The integration of the Internet and Mobile networks has brought great convenience for us. The increasing number of mobile devices causes explosive growth of the amount of data in integration network. While the high-speed development of the integration network brings people into the era of big data, it also brings some data security problems, such as theft and leakage of privacy data and sensitive data [1].
As a kind of malicious program that can infect large amount of hosts in short time, worm is exploited by network attacker. We name the worms destroying data security in integration network as BD-Worm, which takes advantage of the weak security protection ability, propagates in a large area in the network, and destroys the stability and security of data. Here, BD-Worm constitutes one of the major network data security problems because of the integration of the Internet and Mobile network.
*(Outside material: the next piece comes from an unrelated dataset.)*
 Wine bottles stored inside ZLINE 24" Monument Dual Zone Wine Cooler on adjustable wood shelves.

In order to ensure the massive data are much safer, we should analyze the propagation mechanism of BD-Worm firstly and then provide effective protection strategies against its propagation characteristics. This paper constructs an integrated network topology and simulates the propagation of BD-Worm. The worm propagates by files attached with malicious code. Considering the differences between computer and mobile intelligent terminal operating system, worm propagation in different operation system needs cross different protocol. The paper chooses files supported by a variety of operating systems as virus vector. The formats of such files include txt and mp3. Once user opens the file attached with worm code, the worm will be activated, will copy itself, and will attach other files with BD-Worm.
The remaining sections of the paper are organized as follows. Section 2 introduces related work. Modeling of BD-Worm will be presented in Section 3. In Section 4, we simulate the BD-Worm in integration network and study the BD-Worm spreading in the different network topology and defense. Finally, Section 5 concludes this paper.
2. Related Work
In this section, we first introduce the effect of integration network on data. Then, we introduce the security risk of big data and several related improvements. At last, we explore the work related to worm theory and new generation worm in different scenarios.
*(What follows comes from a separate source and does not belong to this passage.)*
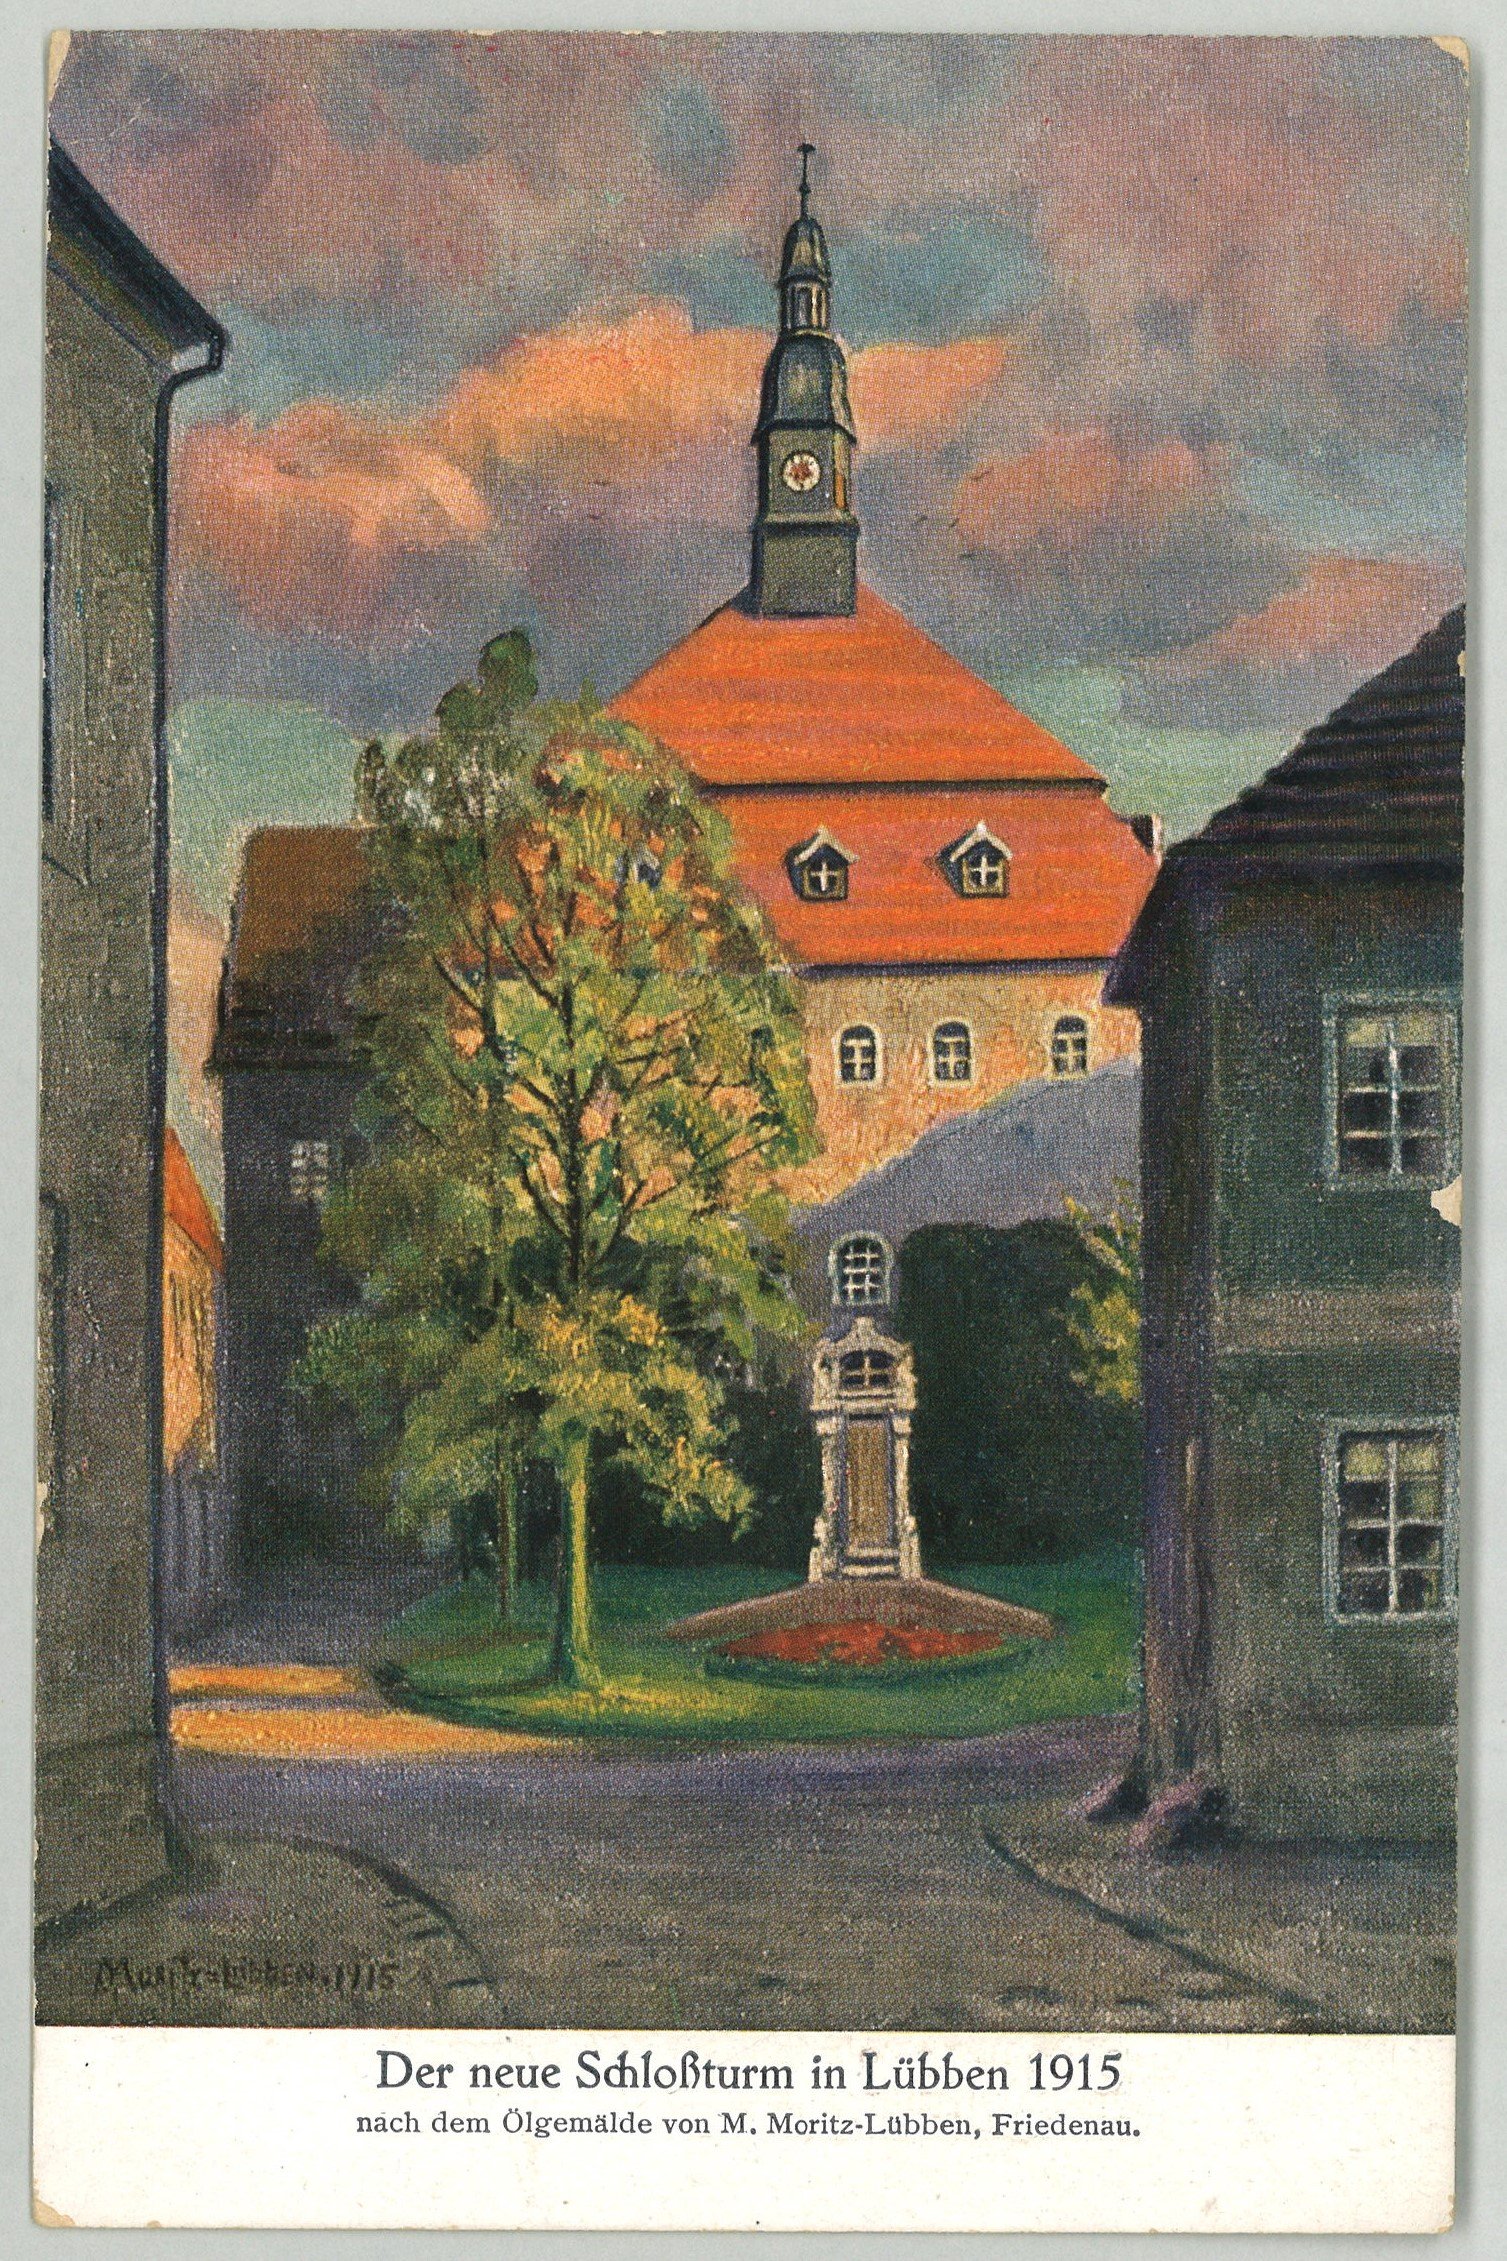 Lübben: Blick auf den neuen Schlossturm 1915 (Gemälde von Marie Elisabeth Moritz) (Landesgeschichtliche Vereinigung für die Mark Brandenburg e.V., Archiv CC BY)

Here, the integration of the Internet and Mobile network is the integration of fixed node and Mobile network, which has greatly expanded the network's flexibility [2]. The popularity of smart phones and tablets spawned a large number of network applications, such as social network, online shopping, and games. It is much more convenient for people's lives by using those applications. The integrated network produces a variety of data formats. In addition, much data such as communications and online transaction need real-time analysis and process. It presents a great challenge to integrated network's data processing capability [3].
More and more privacy leak events raise people's awareness about importance of personal information. With the integration of Mobile network and Internet, the storage, management, and use of huge amount of data are faced with serious security challenges. The protection of mobile phone and Internet users' privacy information has become a major research question in integration network.
Considering the security risks of distributed data storage in big data environment, Zhao [4] takes data access patterns and query into consideration and designed a distributed platform, to ensure the integrity and security of data. Data encryption and privacy protection technologies and management modes cannot meet the requirements in capacity, performance, storage, and security of big data. Data security and privacy protection of users are faced with huge impact and challenges. Wang [5] provides a kind of big data encryption algorithm based on data deduplication technology. The studies have shown that the security of the algorithm is reliable and the algorithm improves the speed of large data encryption processing effectively.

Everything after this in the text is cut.